§ **GIVEN DATA**
════════
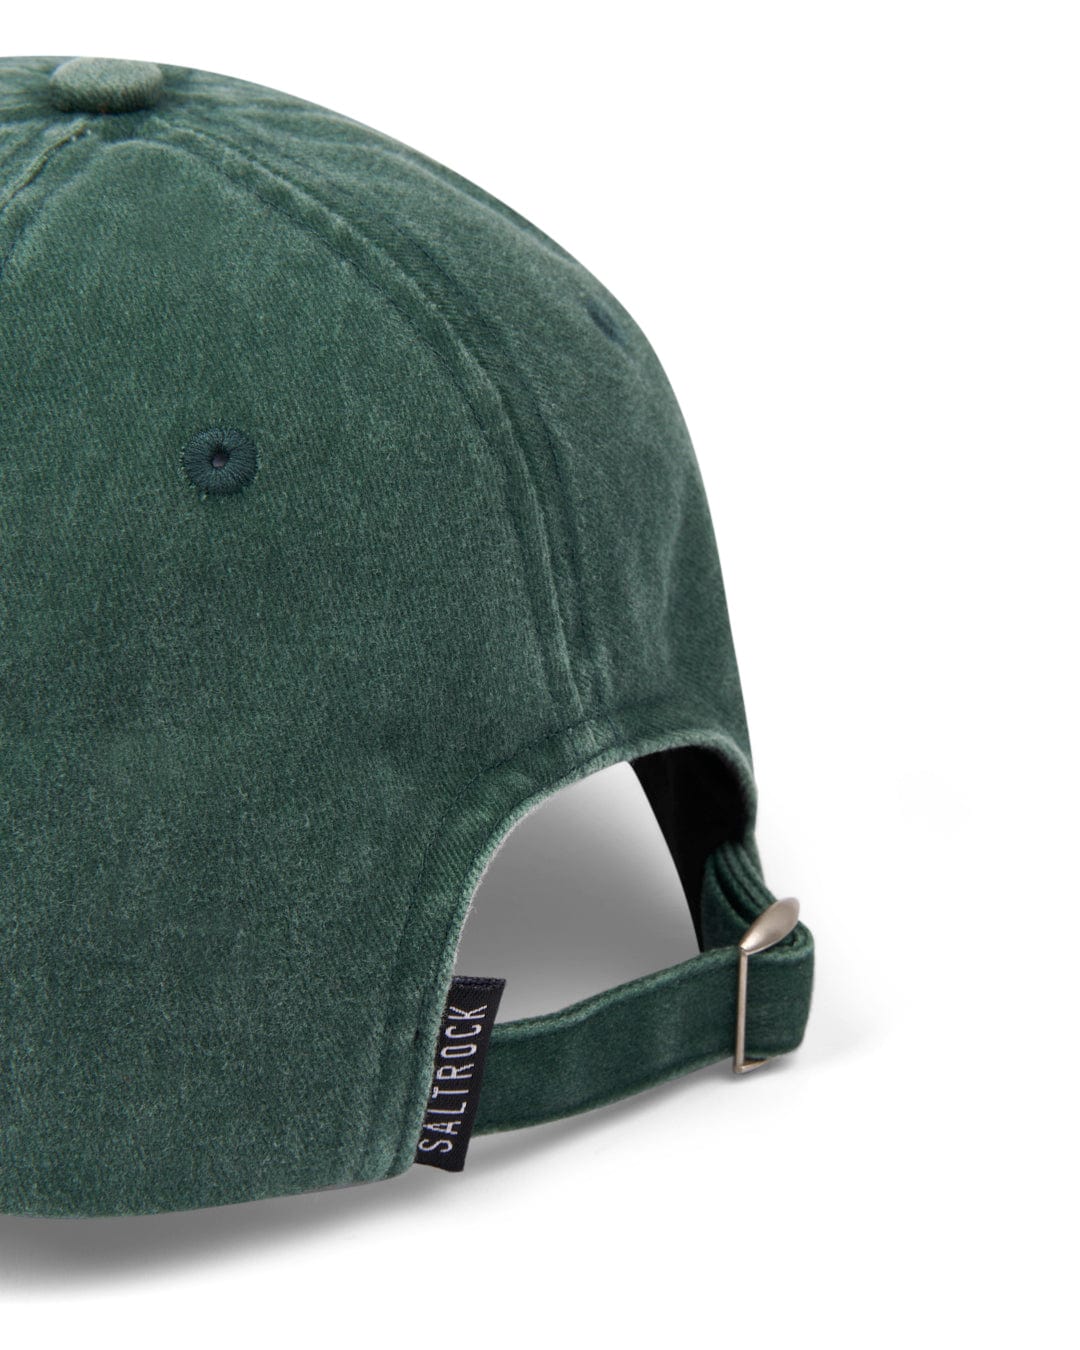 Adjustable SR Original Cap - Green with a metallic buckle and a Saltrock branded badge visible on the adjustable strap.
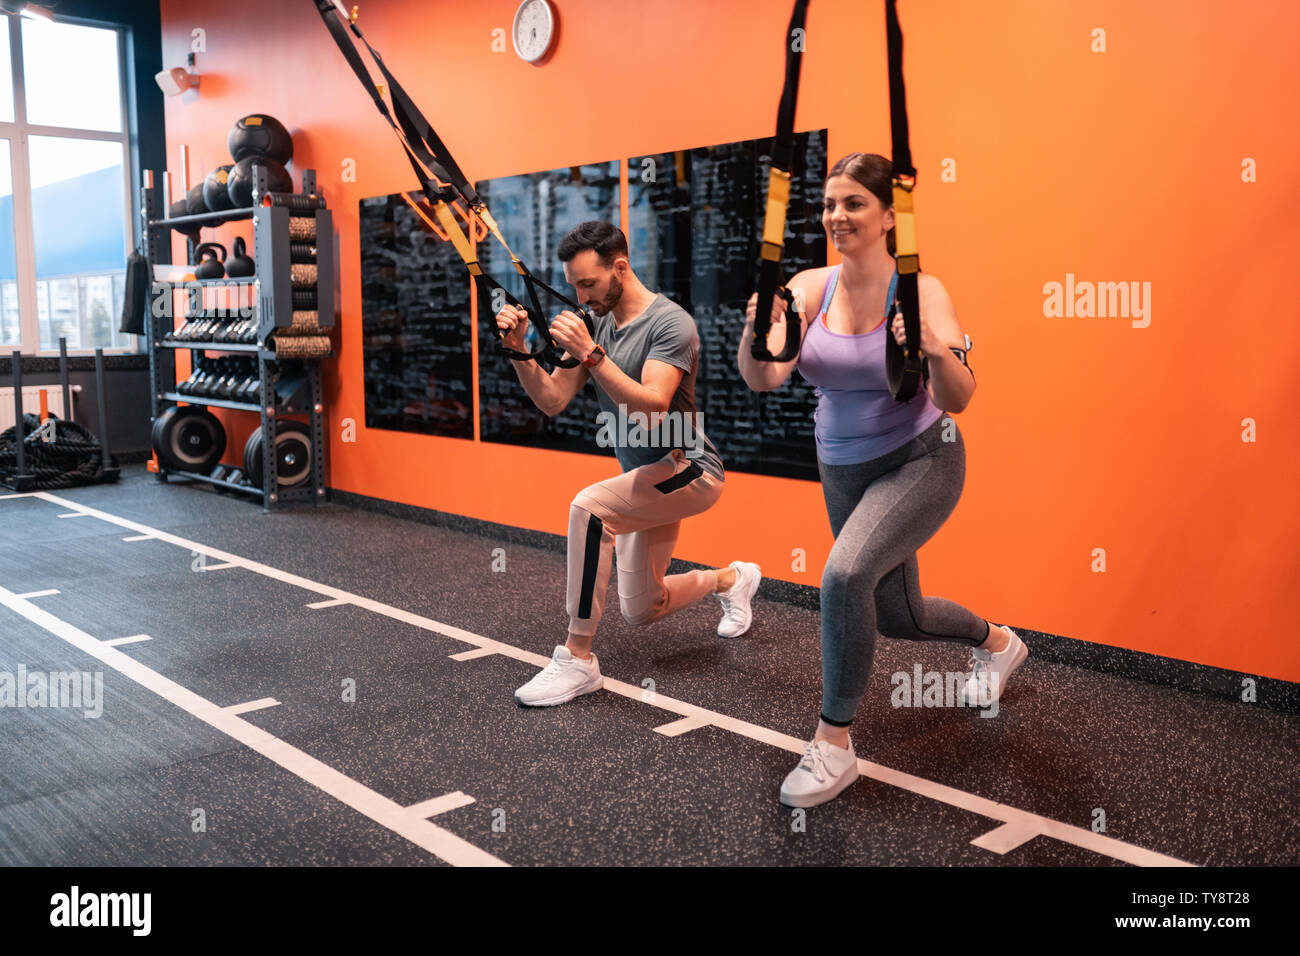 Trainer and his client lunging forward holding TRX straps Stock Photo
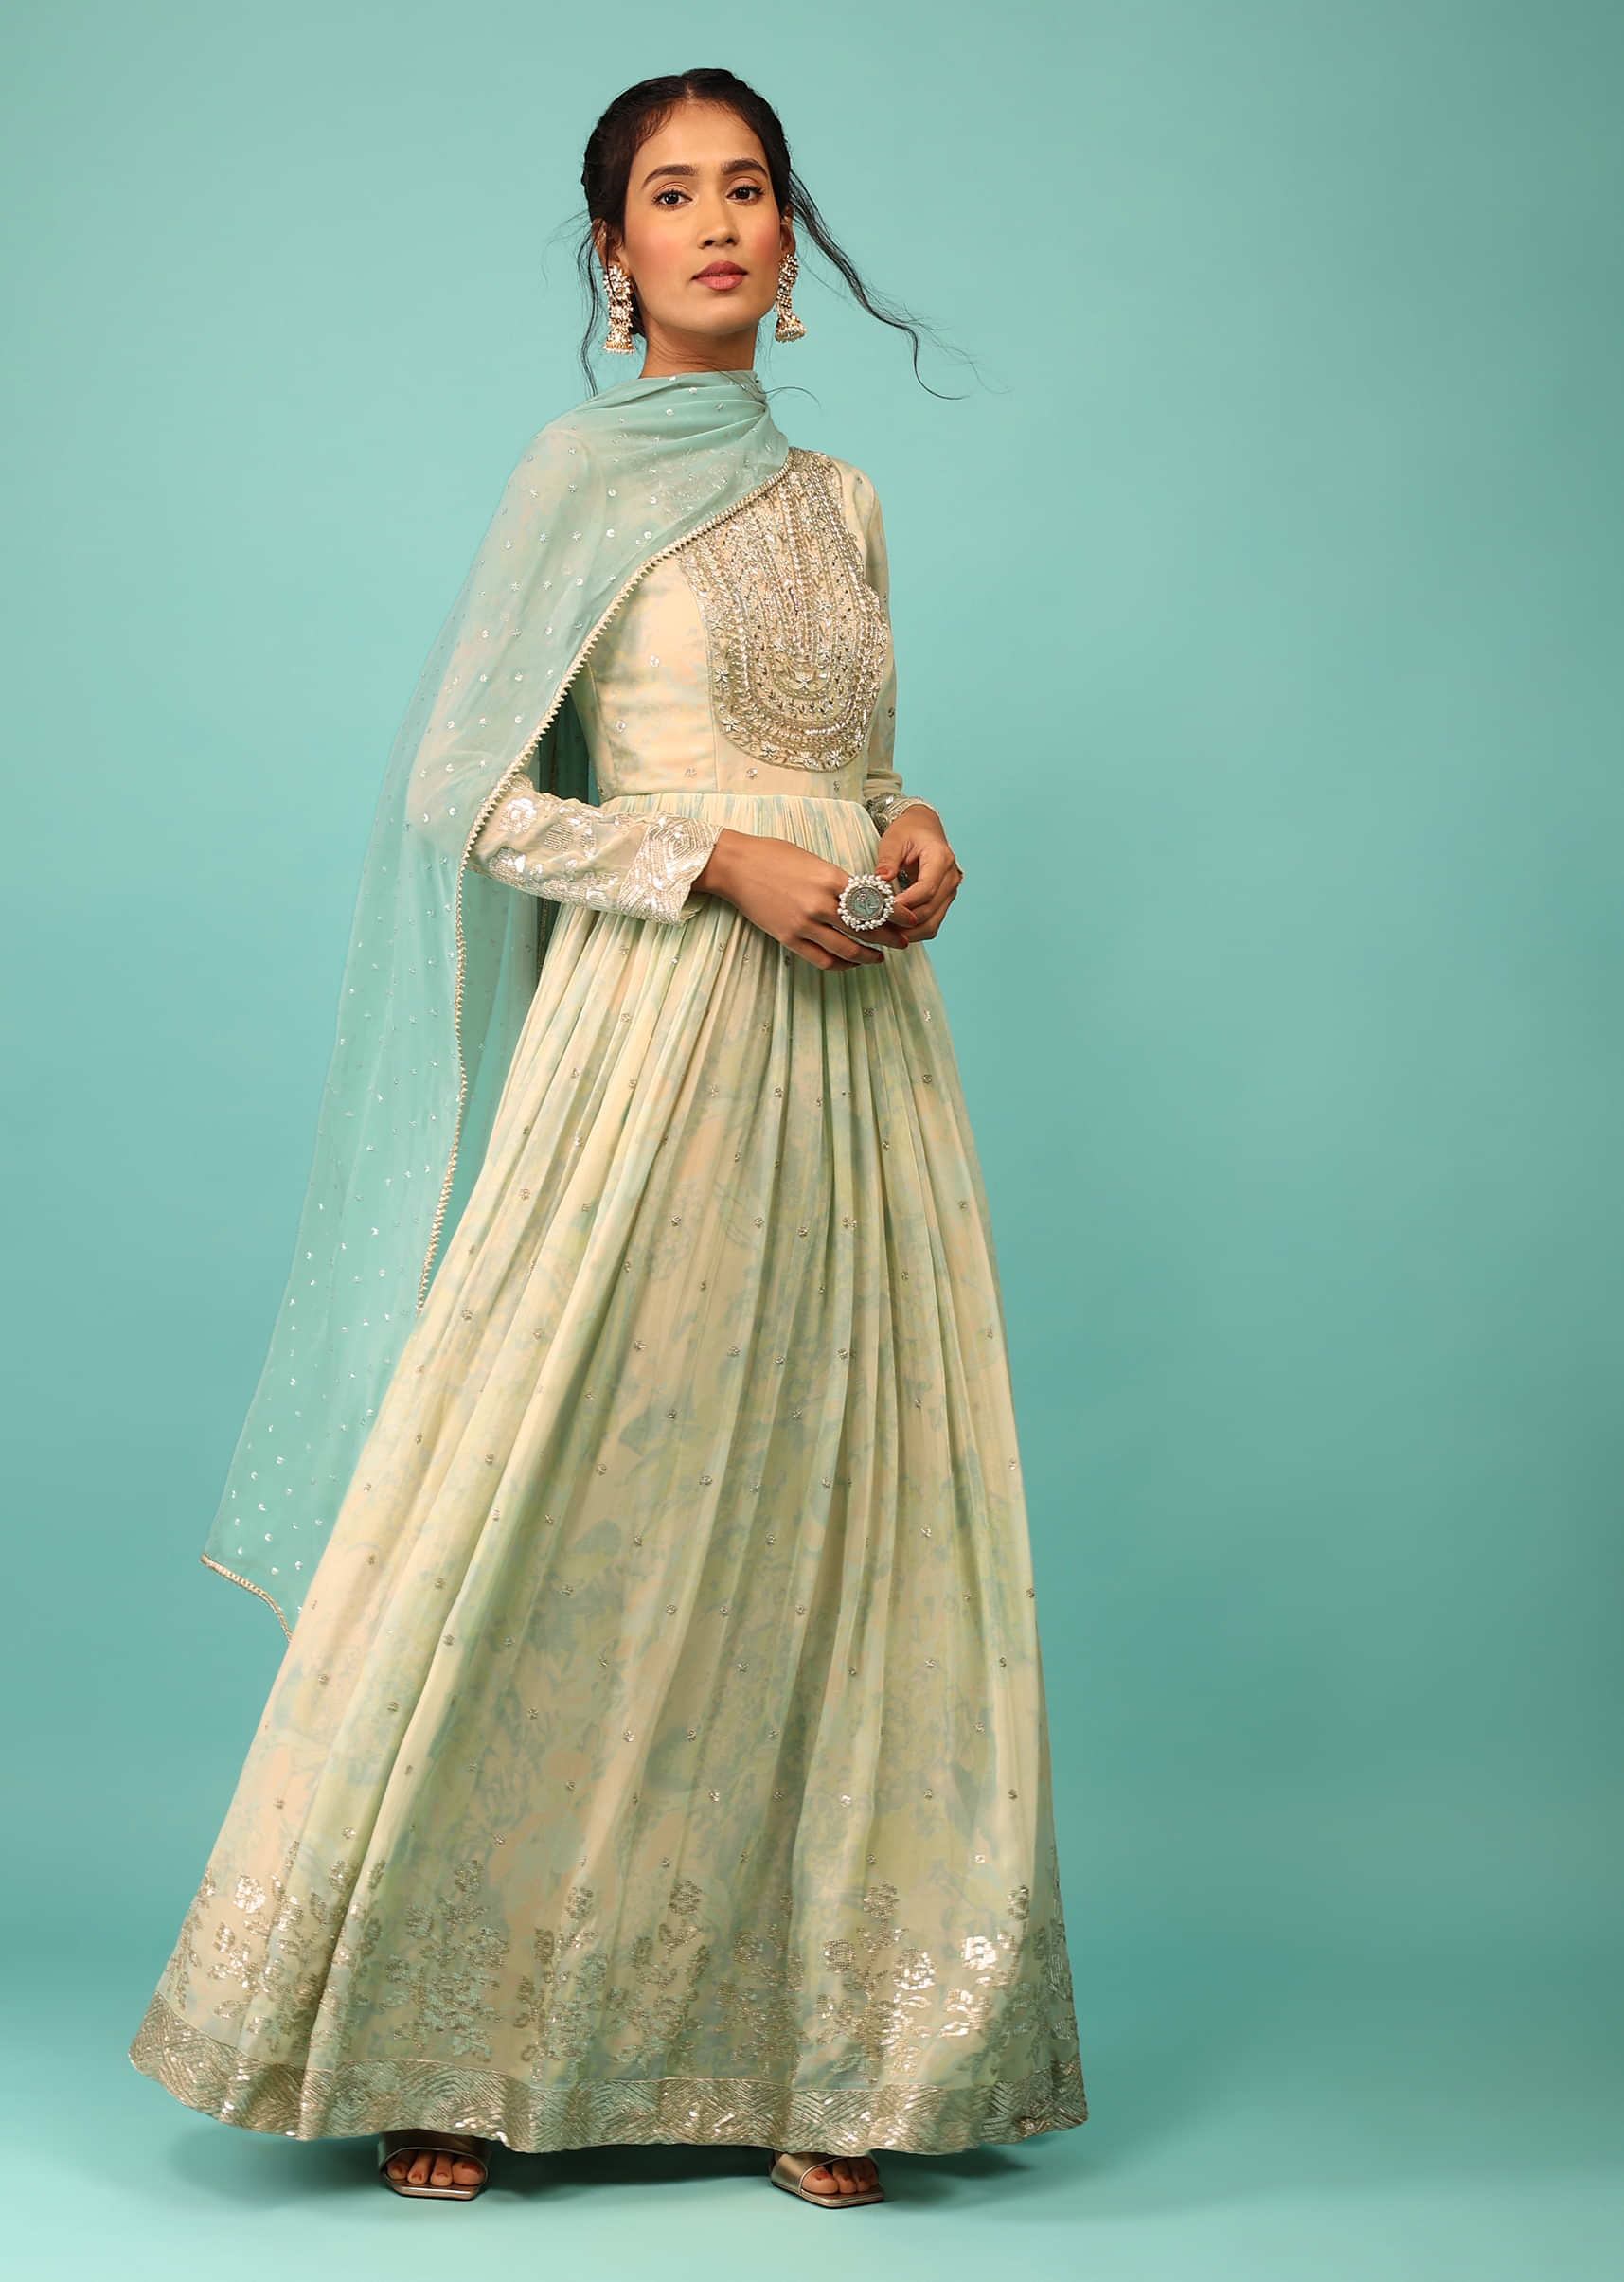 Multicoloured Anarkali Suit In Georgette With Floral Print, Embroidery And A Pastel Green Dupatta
════════
Exactly as given, transcribe every line of the data, but not its images.

 Adjustable SR Original Cap - Green with a metallic buckle and a Saltrock branded badge visible on the adjustable strap.
 Trainer and his client lunging forward holding TRX straps Stock Photo
 Multicoloured Anarkali Suit In Georgette With Floral Print, Embroidery And A Pastel Green Dupatta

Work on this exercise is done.